Our lab, led by Assistant Professor Camilo Libedinsky, is part of the Department of Psychology of the National University of Singapore and located in the N.1 Institute for Health (N.1).
The broad motivation behind my work is to understand the computational principles that underlie cognitive operations. General intelligence (GI) is a term used to describe a specific set of abilities possessed by a physical system, which include the ability to reason, use strategies to solve tasks, represent commonsense knowledge, plan actions, learn efficiently, and integrate all these skills towards achieving goals. To date, the only systems known to possess GI are animals with large brains, including birds and mammals. Cognitive neuroscience has provided important information about the cognitive building blocks of GI, how they interact, and how they are implemented in the brain. However, we still lack a computational understanding of GI. This lack of understanding is reflected in our inability to replicate GI in man-made systems, including the state-of-the-art artificial intelligence (AI) systems.
Underlying the abilities that constitute GI are a few key cognitive building blocks. One such building block is working memory, which is the ability to maintain information “online” for processing and to drive future action; this function is essential to most forms of intelligent behavior. In primates (including humans), the lateral prefrontal cortex (LPFC) plays an important role in the maintenance of working memory information. My work in this field attempts to address two different, but related questions: (1) What is the neural mechanism that allows the maintenance of working memory information in the LPFC?, and (2) How is working memory information conveyed to regions that receive input from the LPFC? This line of work has consequences for the study of normal cognition, abnormal cognition, and artificial cognition.

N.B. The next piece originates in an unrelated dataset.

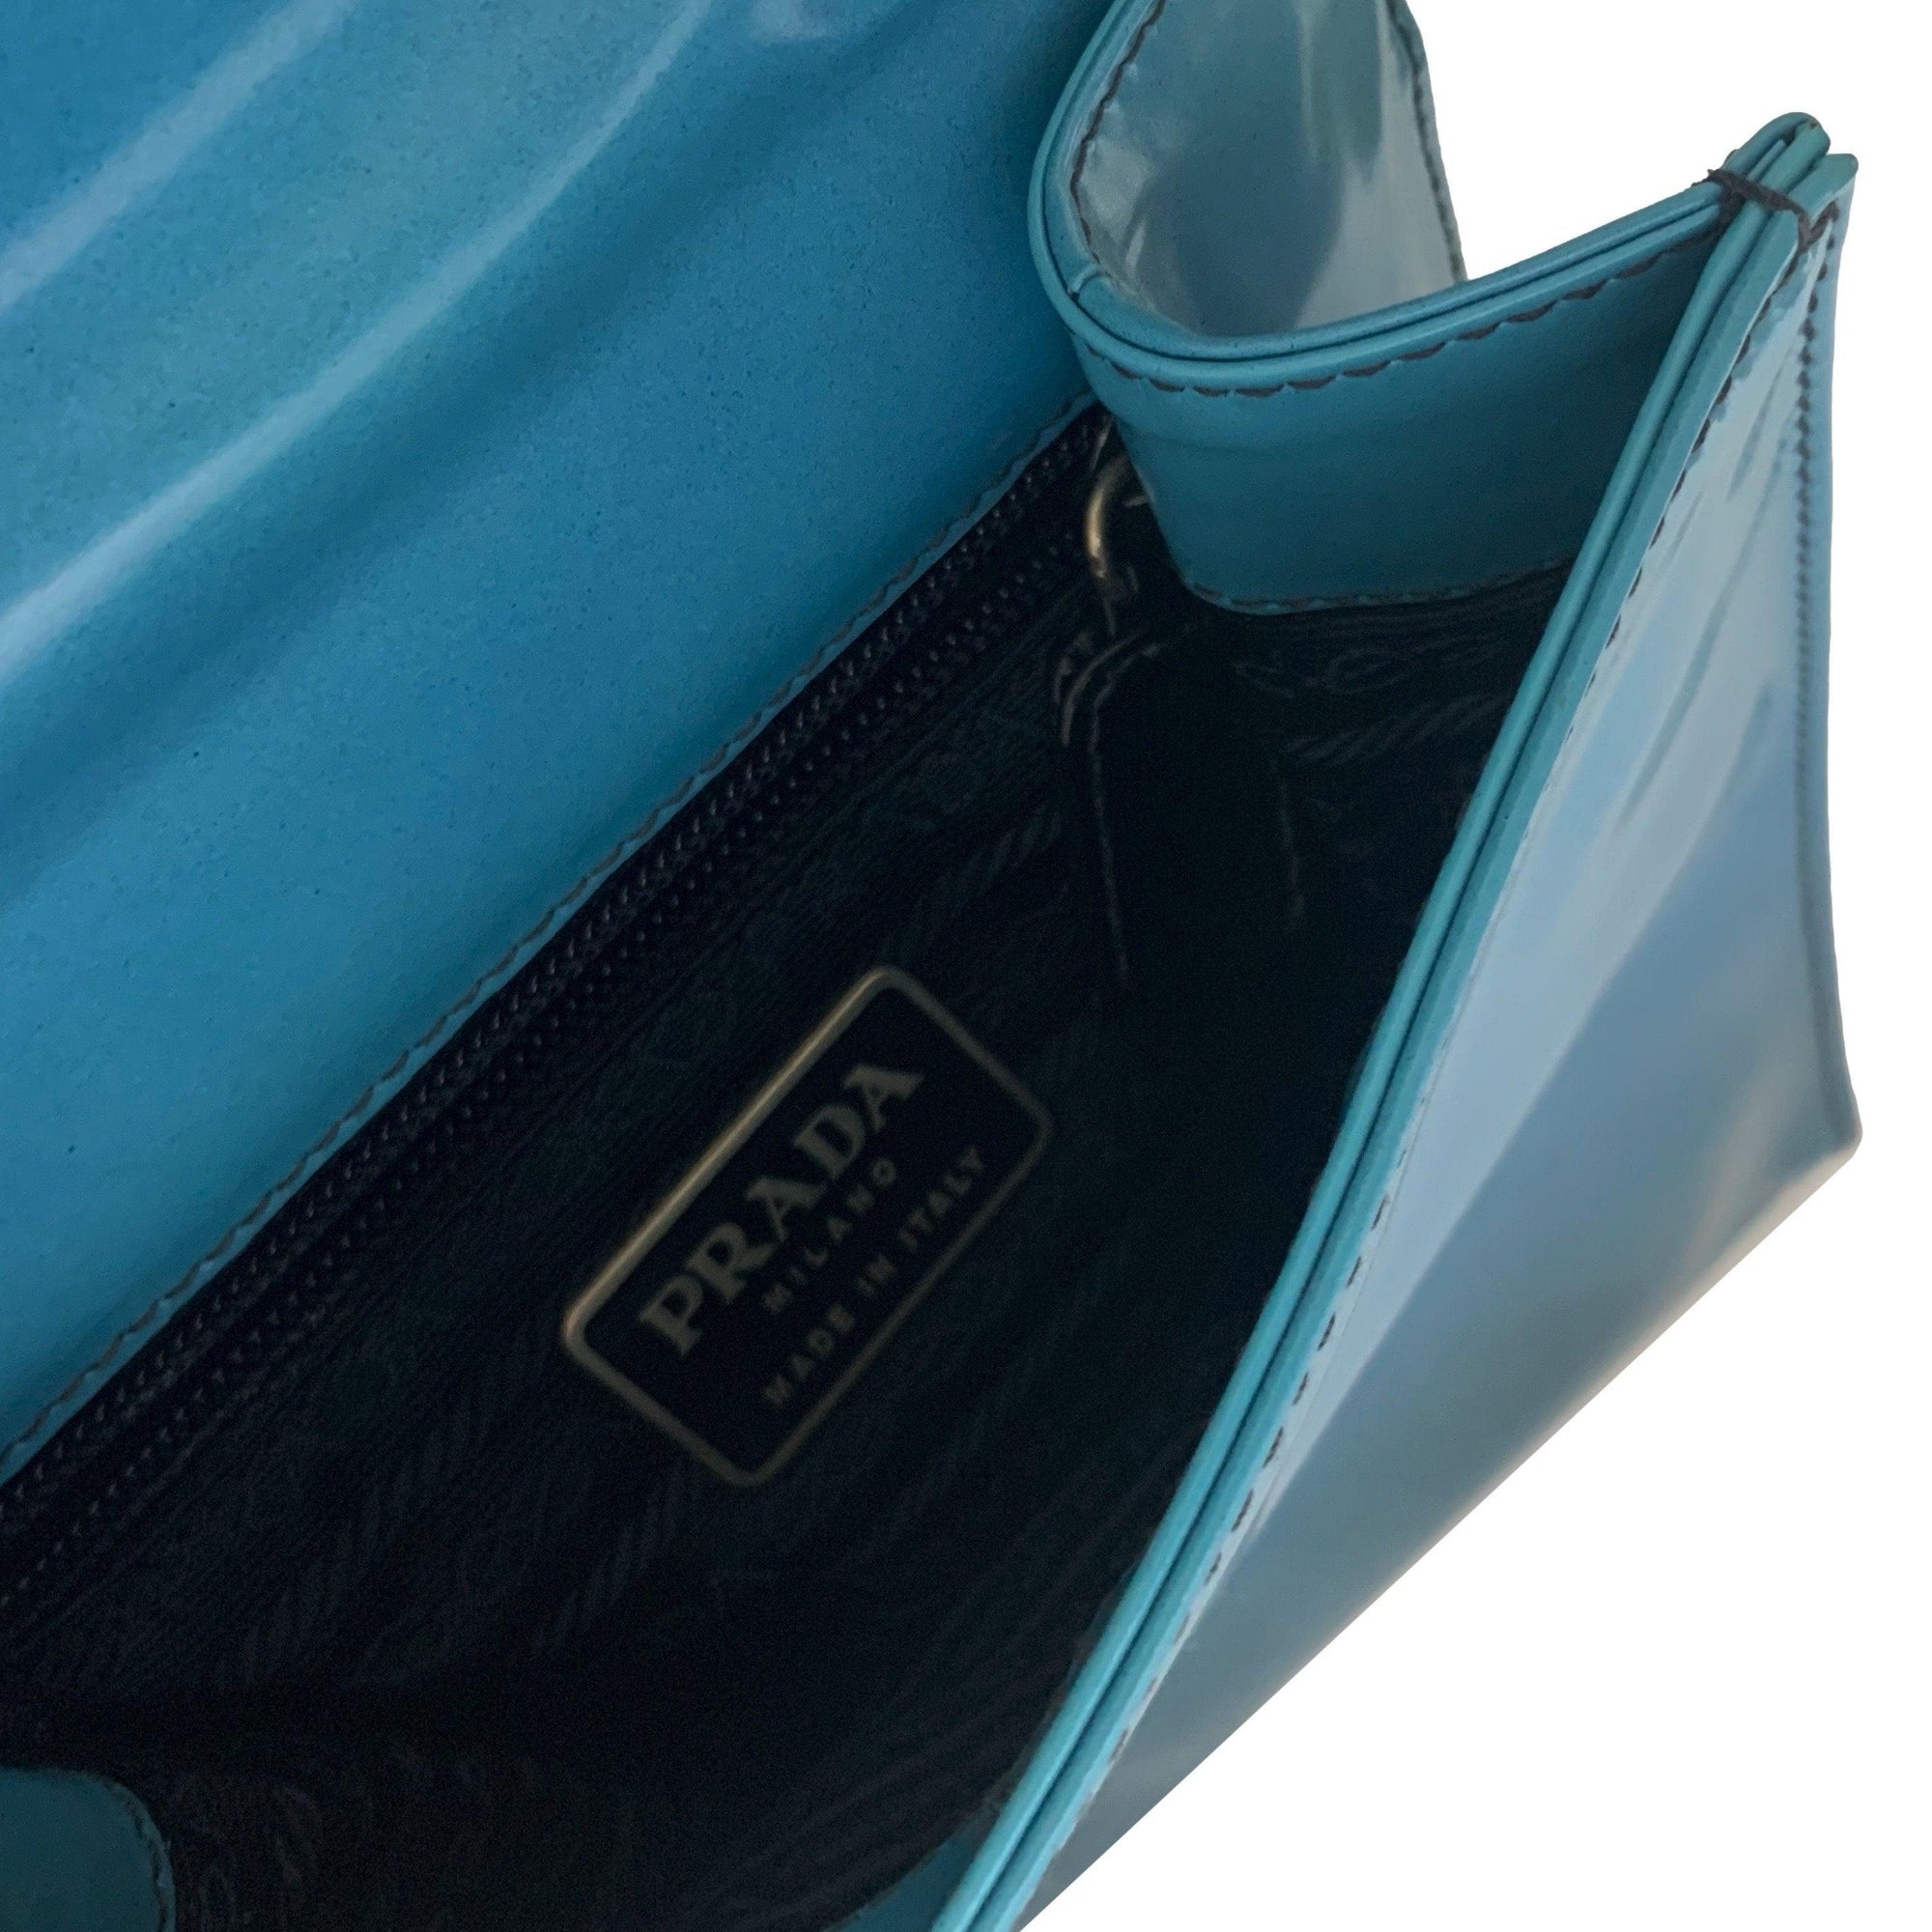 Prada Blue Ombre Top Handle Bag - Handbags

My lab has made significant contributions to the understanding of how working memories are encoded in the LPFC in the presence of distractors. We provided solid evidence that stable maintenance of working memory can coexists with strong neural dynamics (Parthasarathy, A., Herikstad, R., Bong, J.H., Medina, F.S., Libedinsky, C.* and Yen, S.C.*, Nature Neuroscience, 2017; Parthasarathy, A., Tang, C., Herikstad, R., Cheong, L.F., Yen, S.C.* and Libedinsky, C.*, Nature Communications, 2019; Tang, C., Herikstad, R., Parthasarathy, A., Libedinsky, C.* and Yen, S.C.*, eLife, 2020). In this body of work, we leveraged the dynamical systems perspective to show that working memory information can be encoded in a stable manner (Parthasarathy et al., 2019), despite strong temporal dynamics (Parthasarathy et al., 2017). Furthermore, we showed that these strong temporal dynamics can be explained by the temporal overlap of 2 different types of information within the same neural network (Tang et al., 2020). This body of provides a clear example of the highly dynamic nature of prefrontal activity, and how these dynamics can be reconciled with stable codes in activity subspaces.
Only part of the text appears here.